Paloma León

Paloma León, una madre de espíritu nómada

Ser mujer y lanzarse a vivir la experiencia de conocer diferentes partes del mundo puede resultar un panorama que, en la actualidad, es recurrente para quienes son avezadas y buscan enriquecer su vida con experiencias de este tipo. Pero hay quienes buscan algo más allá de conocer y viven viajes dignos de contar.

Paloma León es una mujer, madre de tres hijos, dueña de “un espíritu nómada” que la ha llevado a conocer en profundidad diferentes países con el fin de estampar en sus libros y página web las vivencias que ha experimentado en cada uno de ellos. Empujada por sus hijos y con el apoyo de su familia, vive este gusto por los viajes y solamente con su mochila comienza a construir historias en cada lugar que visita.
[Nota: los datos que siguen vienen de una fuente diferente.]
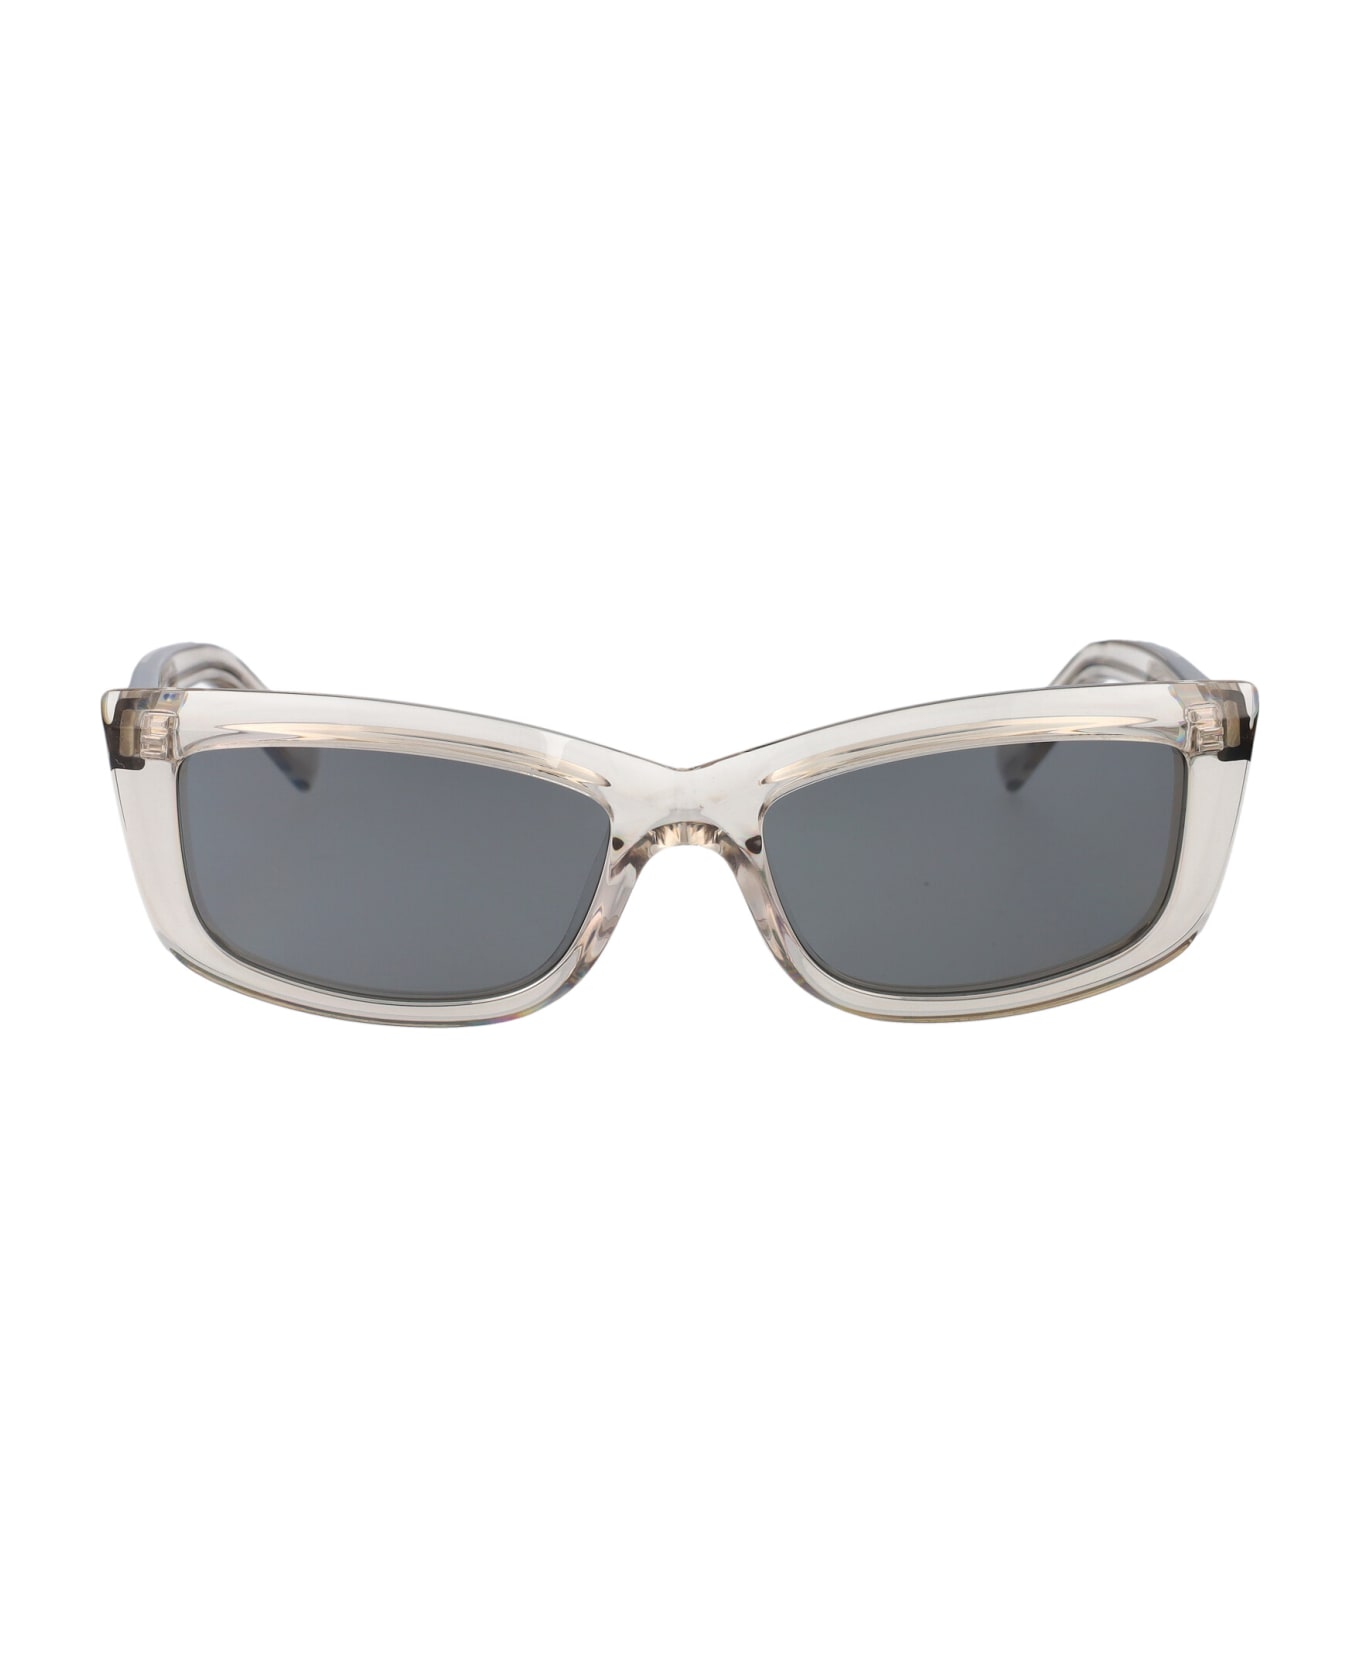 Saint Laurent Eyewear Sl 658 Sunglasses - 003 BEIGE BEIGE SILVER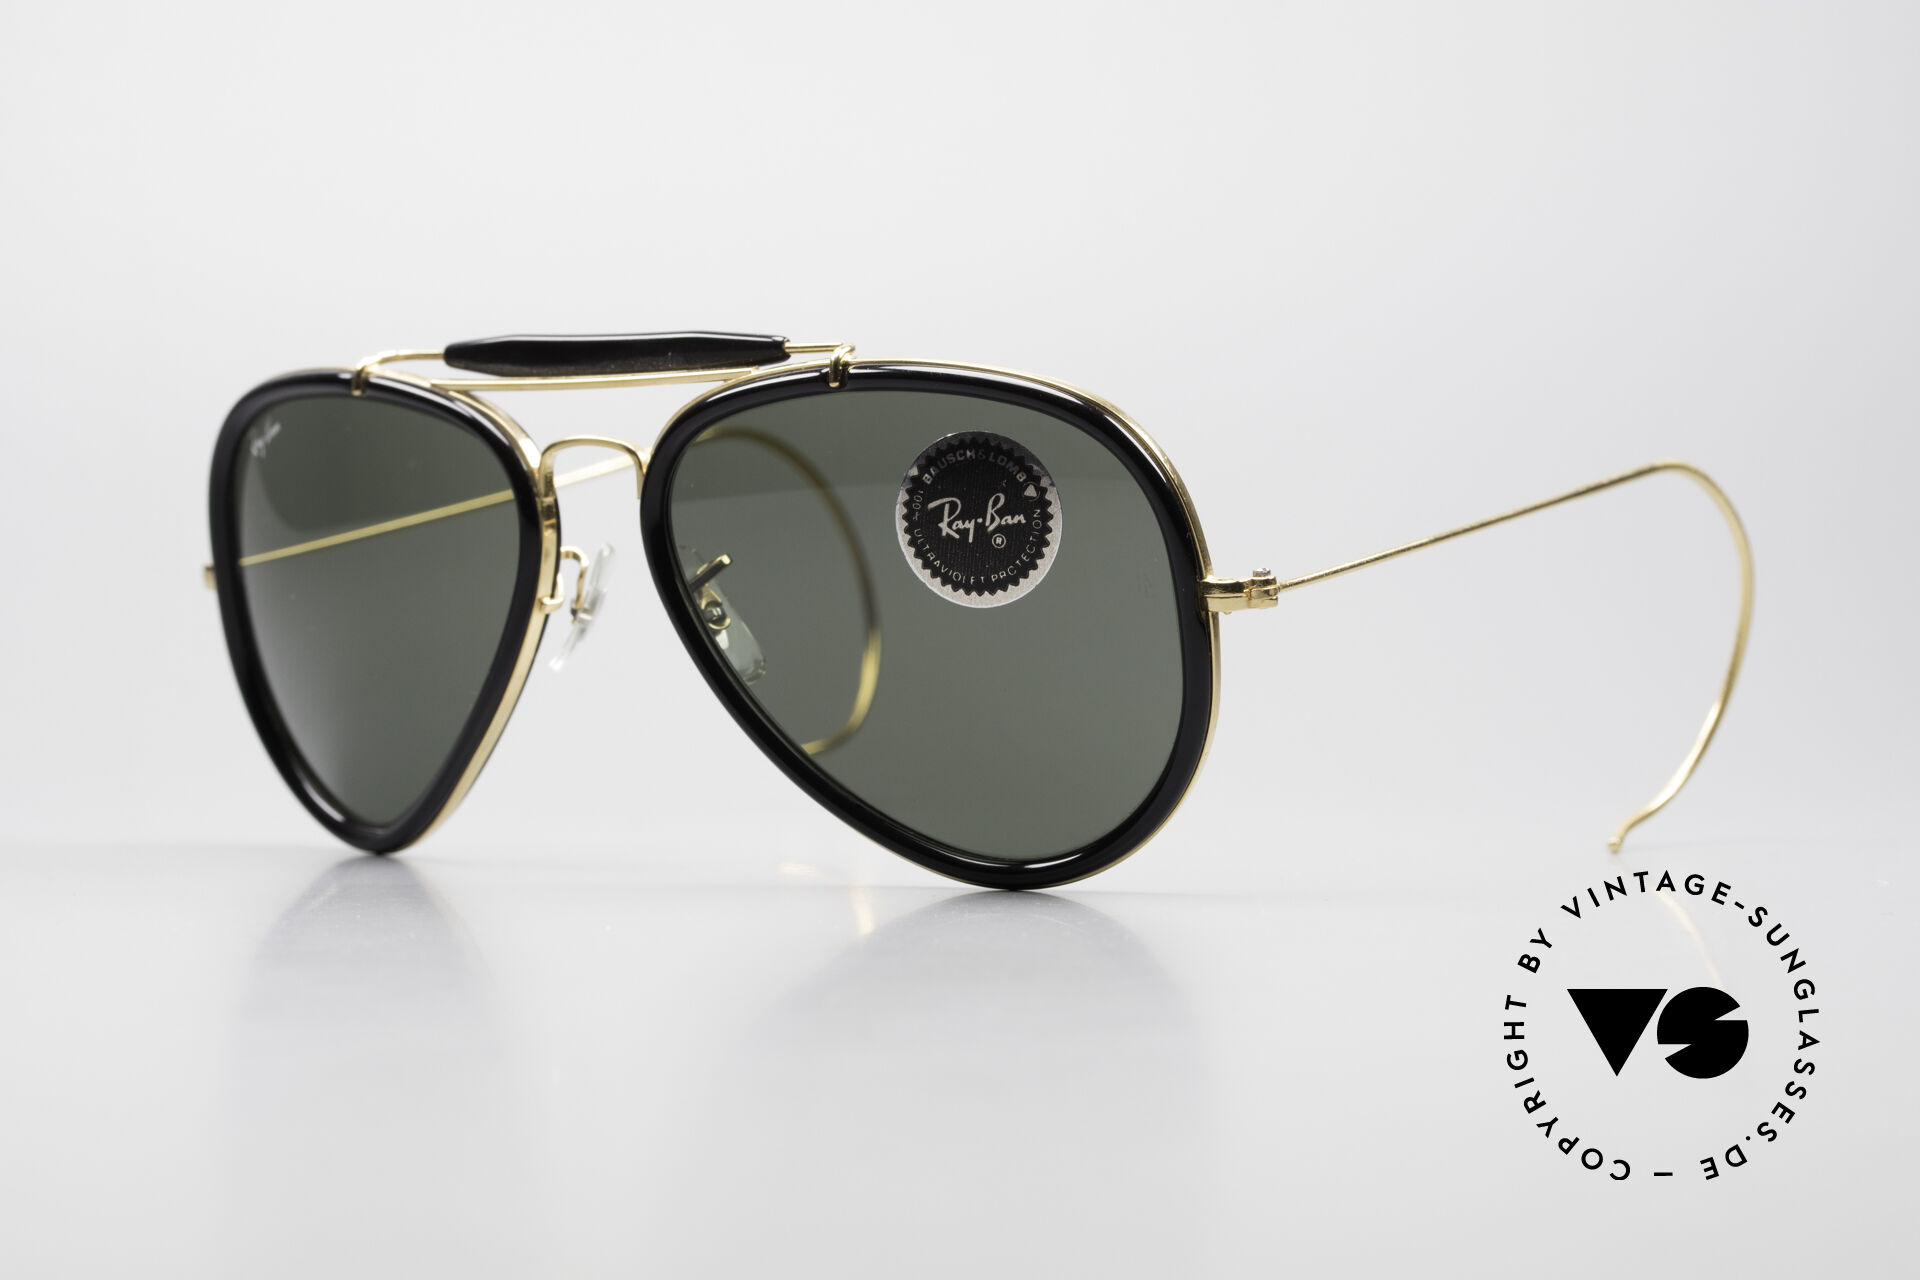 pilfer slidbane serviet Sunglasses Ray Ban Traditionals Outdoorsman B&L USA Aviator Shades 80s

¿Cuándo decidiste comenzar a viajar?

La decisión de comenzar a viajar fue cuando me di cuenta que mi vida no podía girar sólo en torno a los roles que cumplía día a día, es decir, ser mamá, ser pareja, trabajadora, hija, nieta… Llegó un punto en mi vida que me di cuenta que todo lo que hacía era “para el resto” y no había realizado nada por mí, de lo que a mí, como individuo, me llenaba internamente. Cuando me di cuenta de eso, tuve una “batalla interna”. Por un lado tenía este espíritu más nómada que anhelaba viajar, vivir otras culturas, escribir aventuras y, por otro lado, cumplir con mis roles, principalmente el de mamá. Así que no era fácil. Si bien mis hijos son mi mayor felicidad, me sentía frustrada de “no poder” realizar ese sueño que tenía. Un día me pidieron ver una película con ellos. La película se trataba de un delfín que su sueño era recorrer el mundo, salir hacia lo desconocido, pues sentía un llamado muy fuerte a vivir más allá del coral que conocía. Al finalizar la película, mi hijo menor ─7 años en ese momento─ me dijo: “Mamá, atrévete a vivir la aventura de la vida”… y la mayor ─9 años a esa fecha─ dijo: “Vive tu sueño, mamá”… Ahí comencé a viajar.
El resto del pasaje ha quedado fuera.